As a side note, this project could have gone with Ruby just as likely as with Scala, and it was just a coincidence that pushed it to Scala. I wonder how that would have turned out, and it is an experience I'd have loved to have.
And if you have read it all and think it was a waste of time, don't say I didn't warn you! :-)
Thanks Daniel for your kind words and I'm glad that specs2 helped!
ReplyDeleteThat's really well written and full of useful insights and ideas. I also like your level-headed look at Scala: "there are some things that would be nice, but you know what, in the grand scheme of things, it's all right". In light of the favourite Ruby / RoR bashing, I appreciate your point that the project may have gone just as well in Ruby. It's just a shame that no-one will ever know.
ReplyDeleteGreat article Daniel, enjoyed the read. I had a similar situation where we went with actors and I was wondering whether futures would result in code that is more straight-forward and easier to test. I would be curious to hear what your thoughts are on that. For us batching was definitely a factor, and turned out nice to implement via actors. I'm also curious whether a mixed approach would work as well (perhaps an actor at the lower that could return a future via 'ask' to the higher level code).
ReplyDeleteHi, Alex.

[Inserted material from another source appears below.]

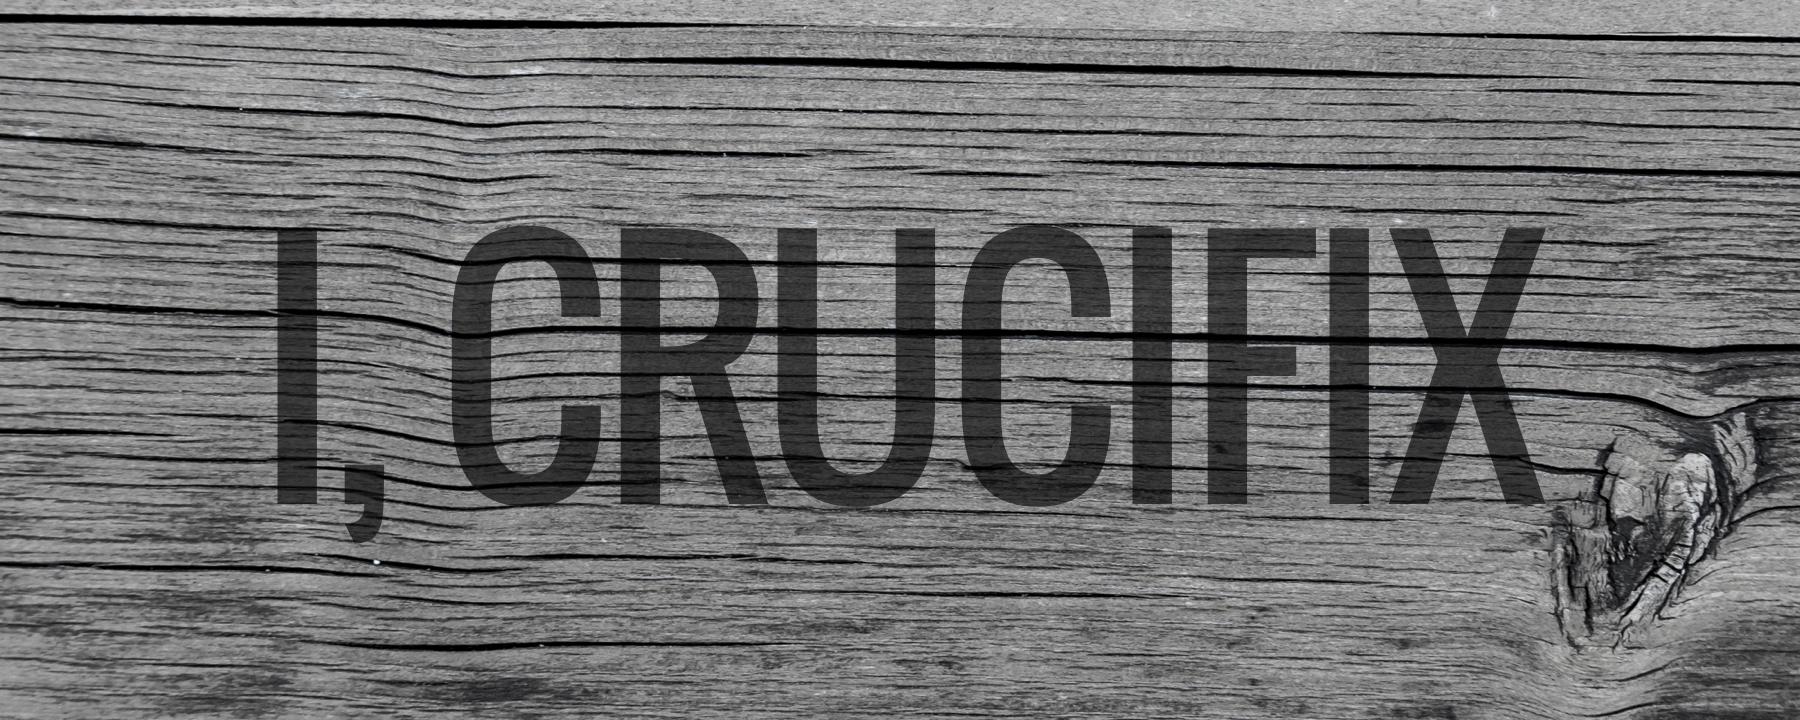 Icrucifix
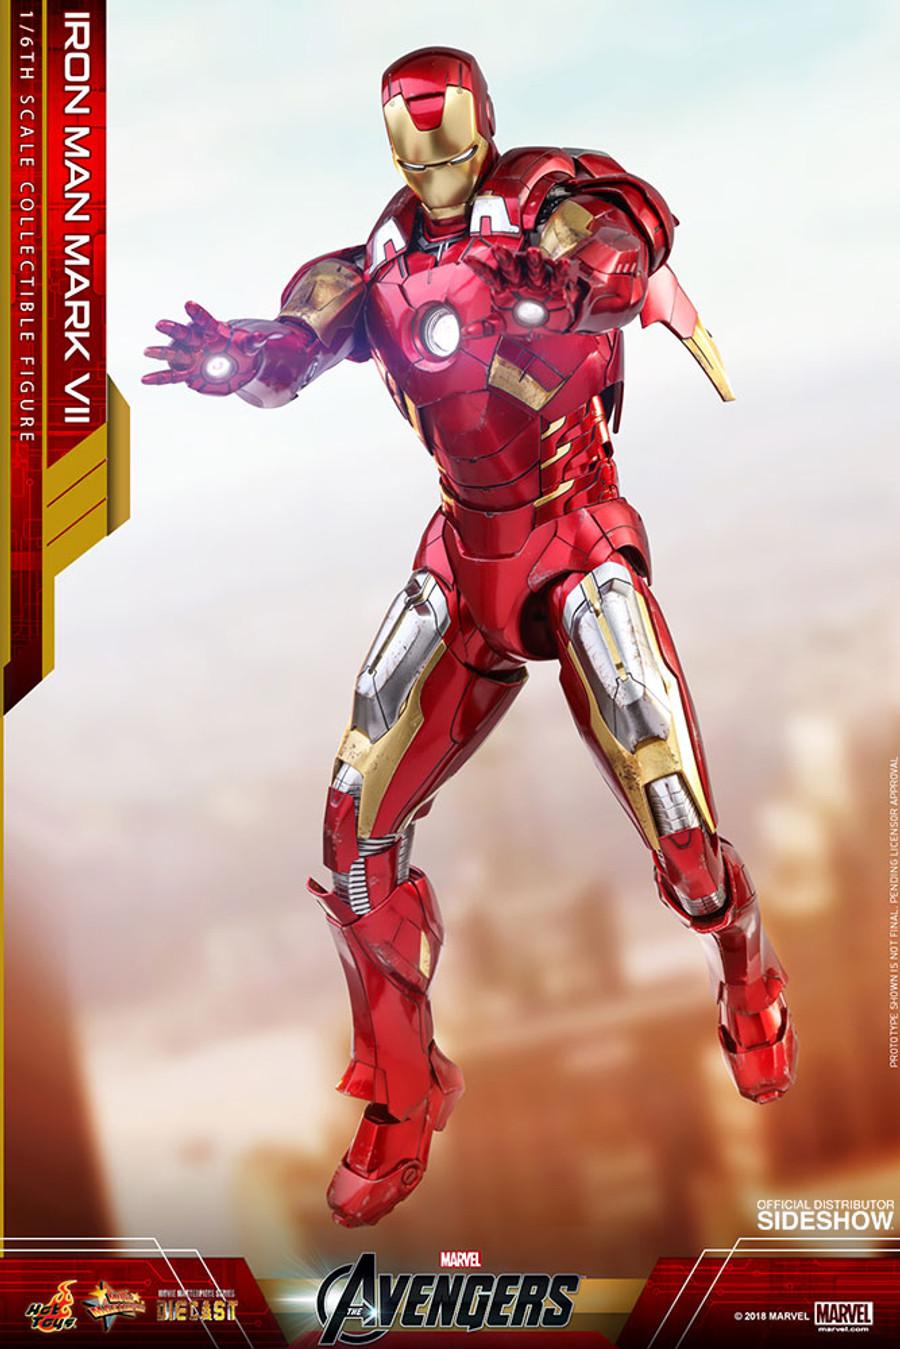 Hot Toys - Avengers: Iron Man Mark VII Diecast

My current thinking on what would have been the best solution to the final requisites is a mixed approach. A net of actors comprised of "source" actors, which control which files to download and when, plus a single downloader actor which would throttle the number of concurrent downloads. The downloads would be Dispatch Promises, which would send a response message at the end of its processing, but, otherwise, would be left to java.nio onSuccess/onFailure thread pool (behind the scenes -- Dispatch abstracts that away).
ReplyDeleteThere's another type of actor that would be responsible for notifying the other system modules. It's present implementation suffices, but it is unsophisticated. In an actor system, a main actor would spawn other actors to notify specific modules, and maybe also send them the notification batches. That would allow a fine control on how to handle problems notifying other modules.
The key here is that I originally had a single source, and, by the end, had over 30 distinct sources with varying degrees of interdependency, and could well have used an even finer grained way of identifying files to download and scheduling them (the problem is really just a matter of prioritizing -- downloading everything that's been update is straightforward).
On the one thing you like better on Dispatch's Promise over Scala's Future, will you get that feedback to Scala so that it has a chance to improve post 2.10? Thanks much, Daniel, for sharing in detail your experience and thinking.
ReplyDeleteBest,
Jon
Thanks for sharing your experience.
ReplyDeleteWhat are your thoughts on the applicability of reactive streams (enumerators/enumeratees) and stream interleaving, etc in Play! Framework 2 to these problems?
@Irfan
DeleteI've pondered many times during the development whether I shouldn't go to an iteratee-based solution, but I couldn't visualize how to handle the concurrency requirements with iteratees.